Home > Article > Web Front-end > Vite Learning's Deep Analysis 'Dependency Scanning'
This article will give you an in-depth explanation of the implementation details of dependency scanning in Vite. The final scanning result is an object containing the names of multiple modules. It does not involve the pre-building process or how the pre-built products are used.
When we run Vite for the first time, Vite will perform dependency pre-building in order to be compatible with CommonJS and UMD. And Improve performance. [Related recommendations: vuejs video tutorial]
To pre-build dependencies, you must first understand these two issues:
Pre-build What is the content of ? / Which modules need to be pre-built?
How to find the modules that need to be pre-built?
These two problems are actually dependence on the content of scanning and the implementation method.
This article will explain the implementation details of dependency scanning in depth. The final scanning result is an object containing the names of multiple modules. It does not involve the pre-building process or how the pre-built product is. in use. If you are interested in this part of the content, you can follow me and wait for subsequent articles.
Only bare import (bare dependency) will perform dependency pre-building
What is bare import?Look directly at the example below
// vue 是 bare import import xxx from "vue" import xxx from "vue/xxx" // 以下不是裸依赖 import xxx from "./foo.ts" import xxx from "/foo.ts"You can divide it simply:
Vue project
The results of the dependency scan are as follows:[ "vue", "axios" ]
Why only bare import is pre-built?
Node.js defines the addressing mechanism of bare import - Search under node_modules in the current directory. If not found, go to node_modules in the upper directory until The directory is the root path and cannot go higher.
bare import is usually a module installed by npm. It is a third-party module, not the code we wrote ourselves. Generally, will not be modified. Therefore, executing the construction of these modules in advance will help improve performance.
On the contrary, if the code written by the developer is pre-built, the project is packaged into a chunk file.When the developer modifies the code, he needs to re-perform the build and then package it into a chunk file. , this process will actually affect performance.
Will modules under monorepo also be pre-built?Won't. Because in the case of monorepo, although some modules are bare import, these modules are also written by the developers themselves and are not third-party modules, so Vite does not pre-build these modules. Actually, Vite will
determine whether the actual path of the module is in node_modules :
Implementation ideas
Let’s take a look at this module dependency tree again : To scan out all bare imports, you need to traverse the entire dependency tree, which involves a deep traversal of thetree
When we discuss tree traversal, we generally focus on these two points:When all leaf nodes are traversed, the recorded bare import object is the result of the dependency scan.

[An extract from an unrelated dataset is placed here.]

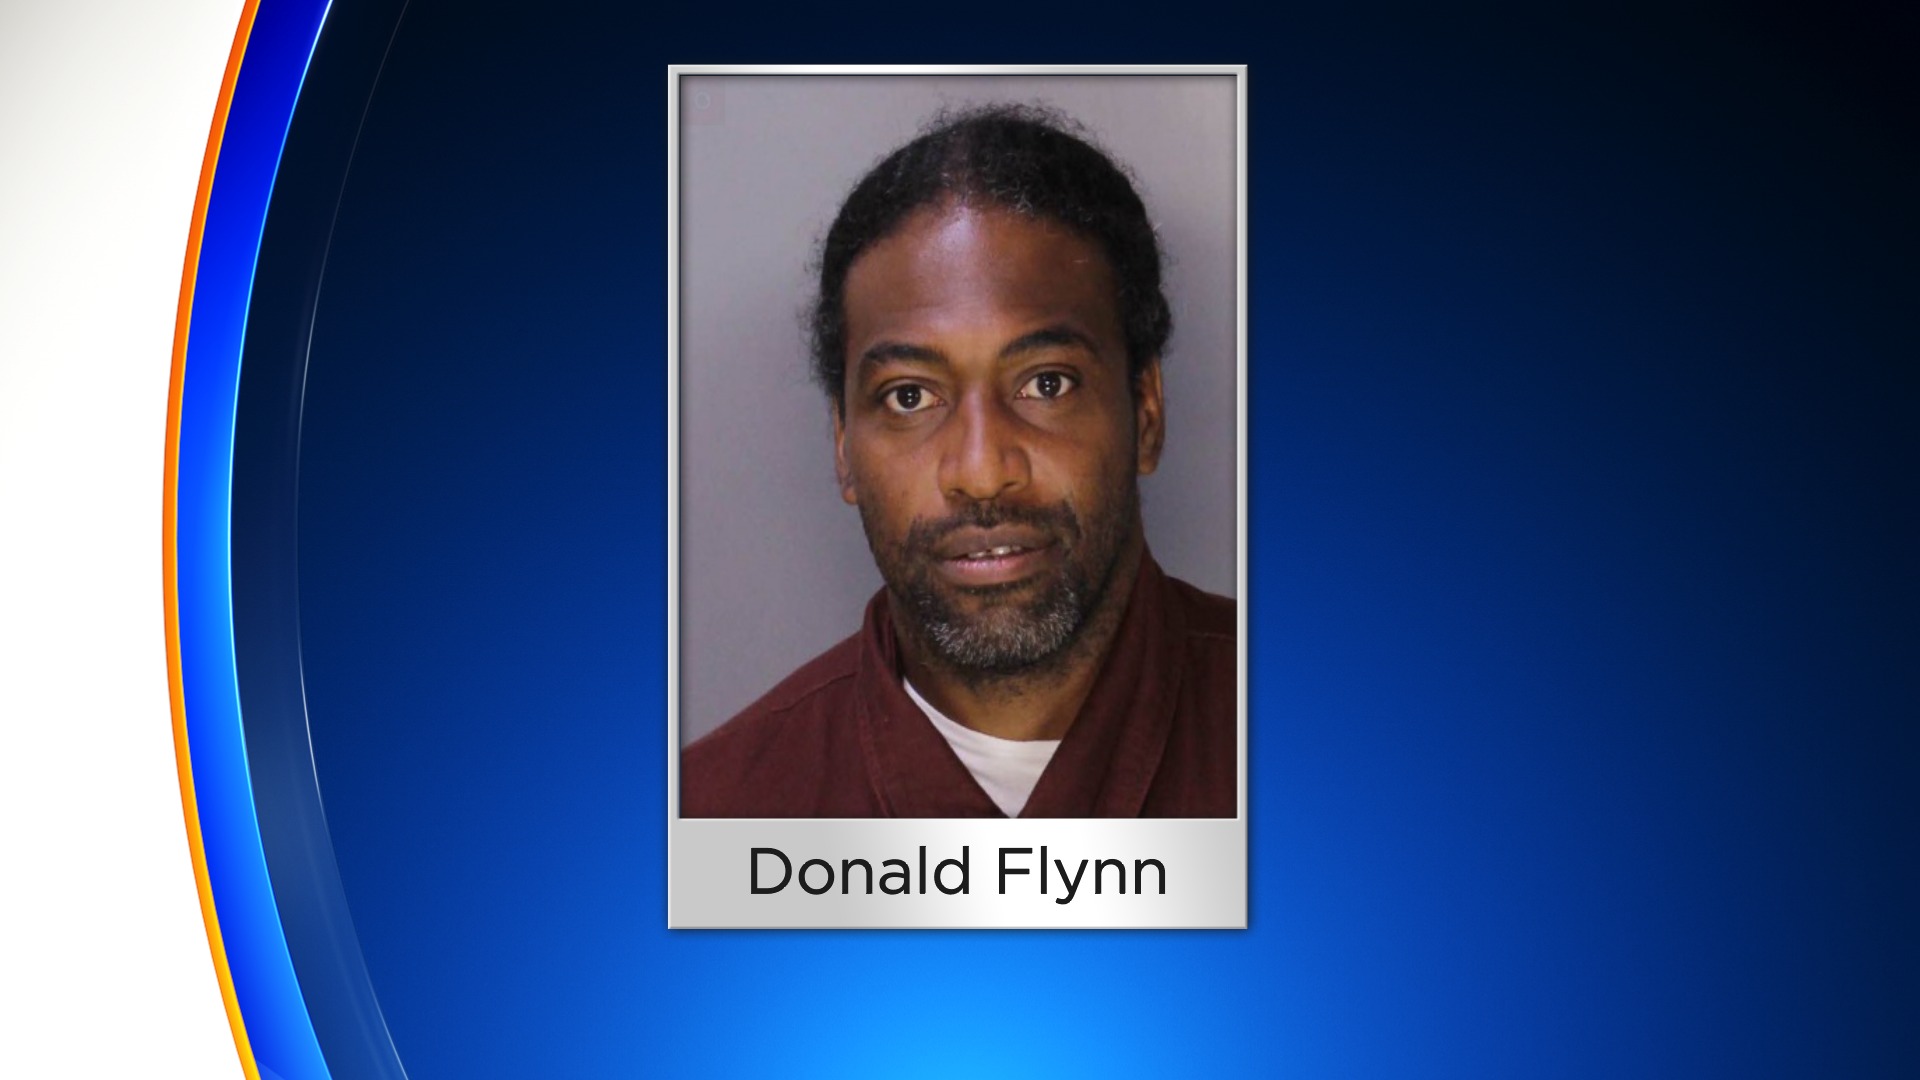 Police say Donald Flynn carjacked a woman at gunpoint in Ridley Township on Monday.

The implementation idea of relying on scanning is actually very easy to understand, but the actual processing is not simple. Let’s take a look at the processing of leaf nodes:It can be judged by the module id. The module whose module id is not a path is bare import. When encountering these modules, record the dependencies and no longer traverse in depth.
You can judge by the suffix name of the module, for example, if you encounter *.css
Module, does not require any processing, and no further traversal is required.
To obtain the dependent submodules in the JS code, you need to convert the code into AST and obtain the module introduced by the import statement, or Regularly match all imported modules , and then continue to traverse these modules in depth
This type of module is more complicated. For example, HTML or Vue contains part of JS. You need toextract this part of the JS code, and then analyze and process it according to the JS module. Continue to traverse these modules in depth. We only need to care about the JS part here, and modules will not be introduced in other parts.
Specific implementation
We already know the implementation idea of dependency scanning,The idea is actually It's not complicated. What's complicated is the processing , especially the processing of HTML, Vue and other modules.
Vite uses a more clever method here - Packaging with the esbuild tool
Why can esbuild packaging be used to replace the deep traversal process?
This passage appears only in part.